## TASK PROMPT
Word for word, restate the listing that follows and leave out the images.

## GIVEN INFORMATION
________________________
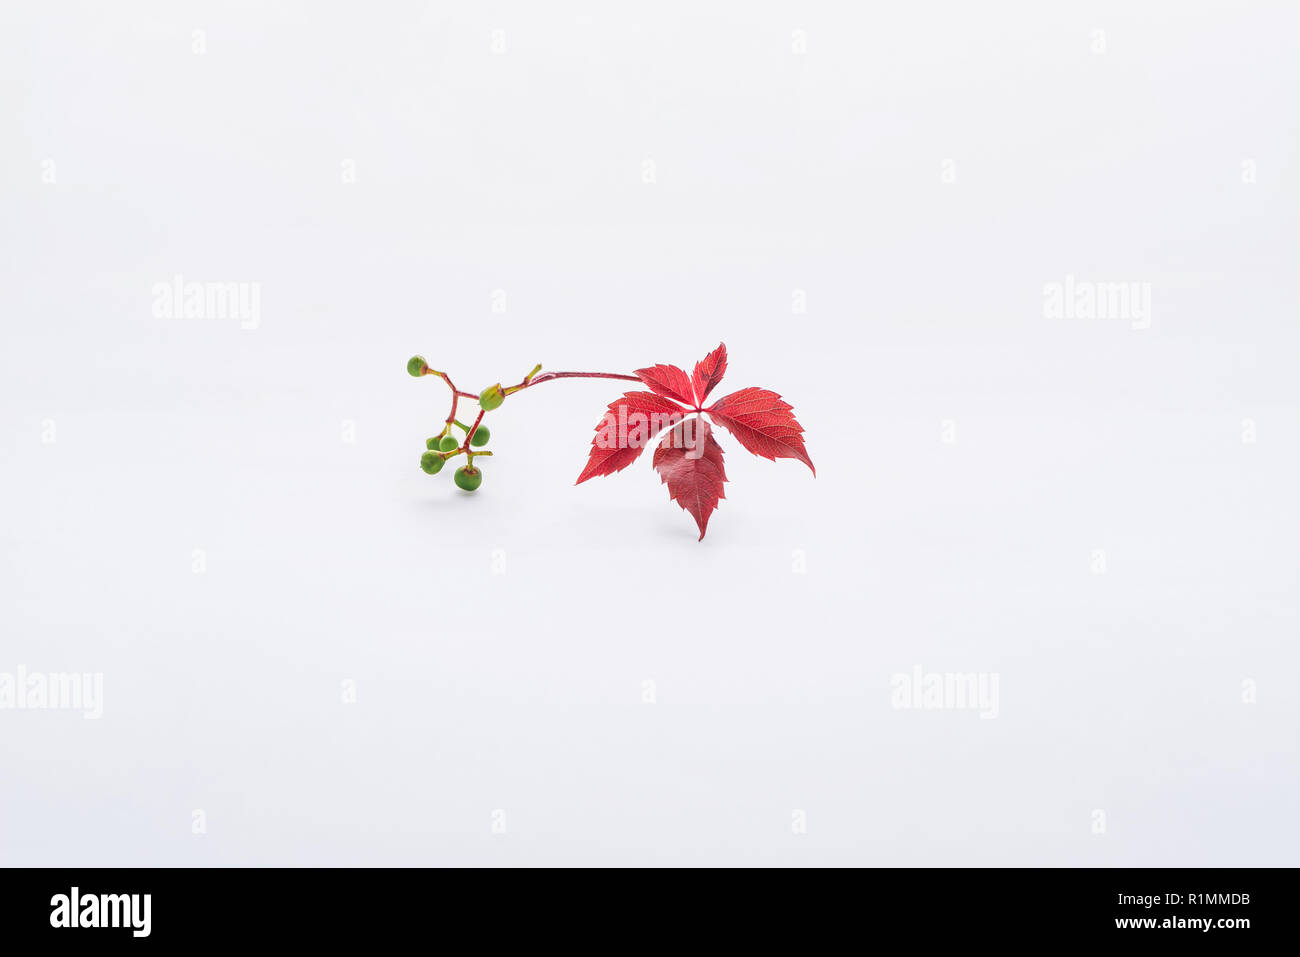 beautiful twig with burgundy leaves and green berries isolated on white Stock Photo
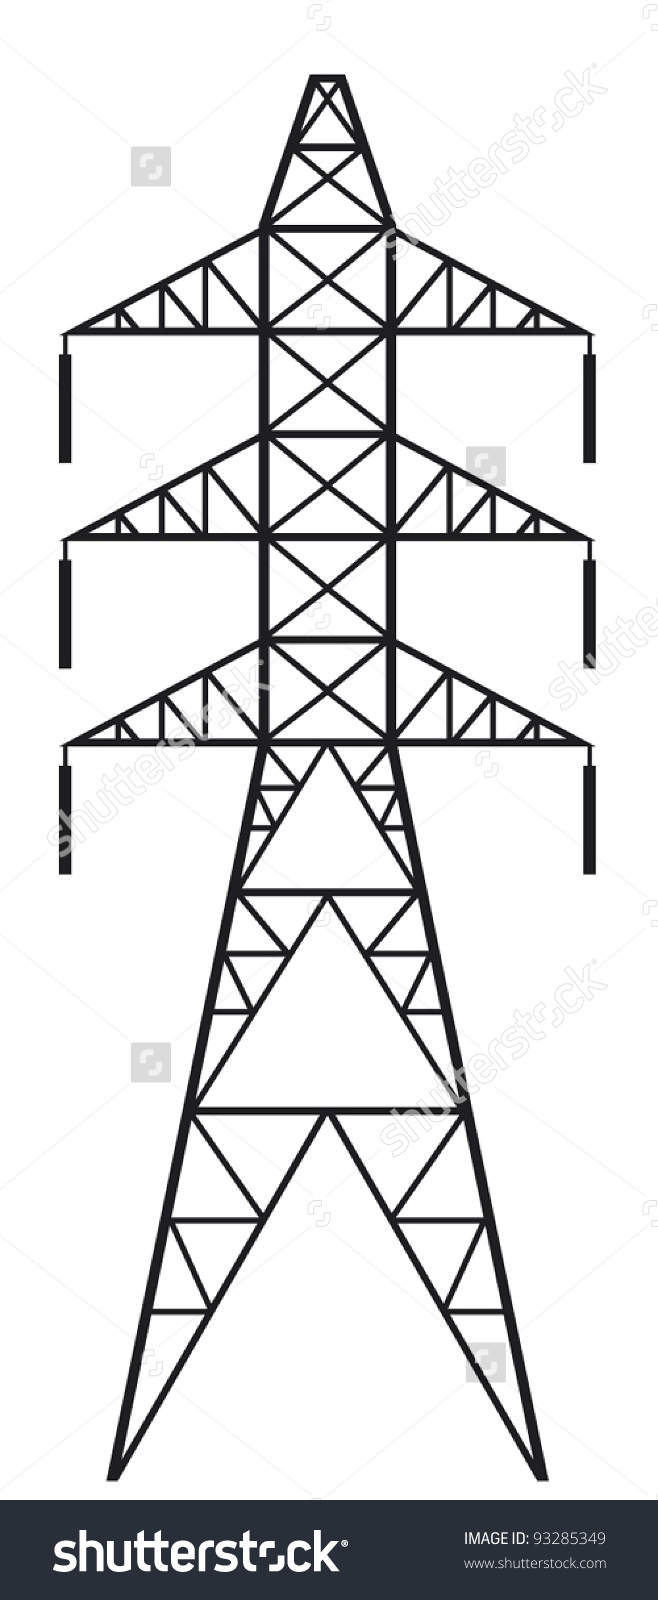 clipart power lines - photo #43
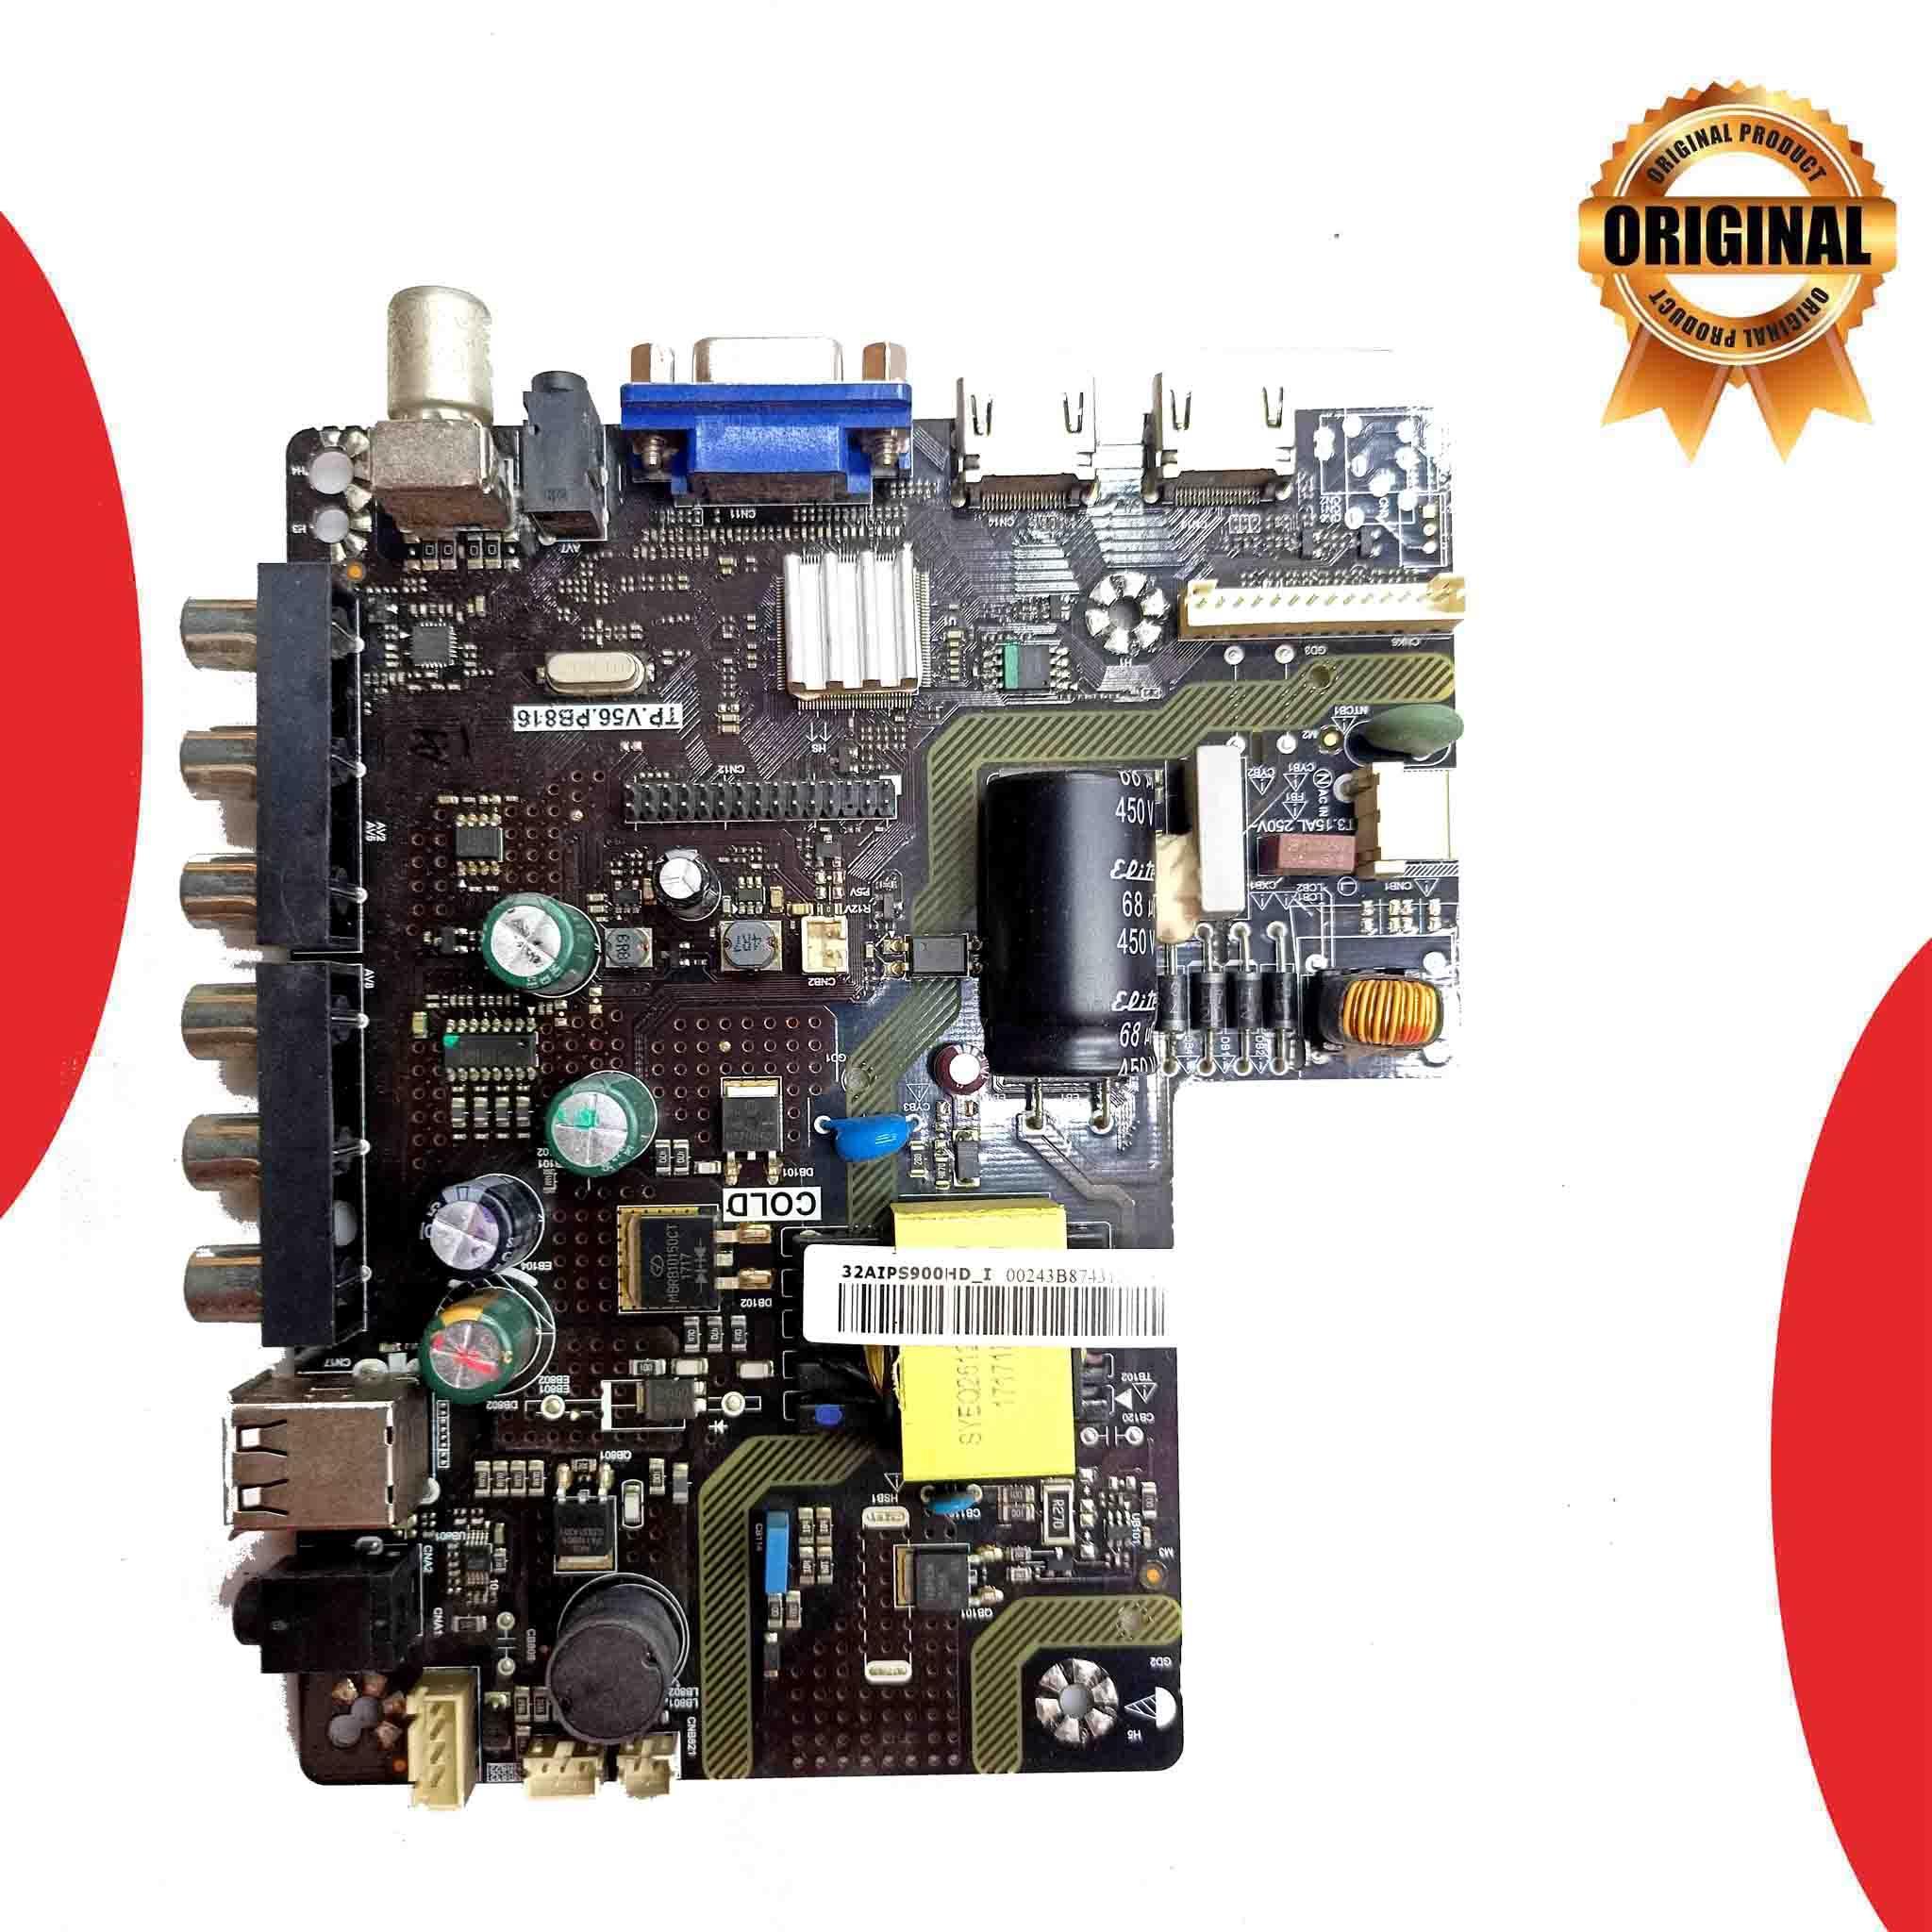 Model 32AIPS900HD Micromax LED TV Motherboard - Great Bharat Electronics
________________________
## ANSWER
 beautiful twig with burgundy leaves and green berries isolated on white Stock Photo
 clipart power lines - photo #43
 Model 32AIPS900HD Micromax LED TV Motherboard - Great Bharat Electronics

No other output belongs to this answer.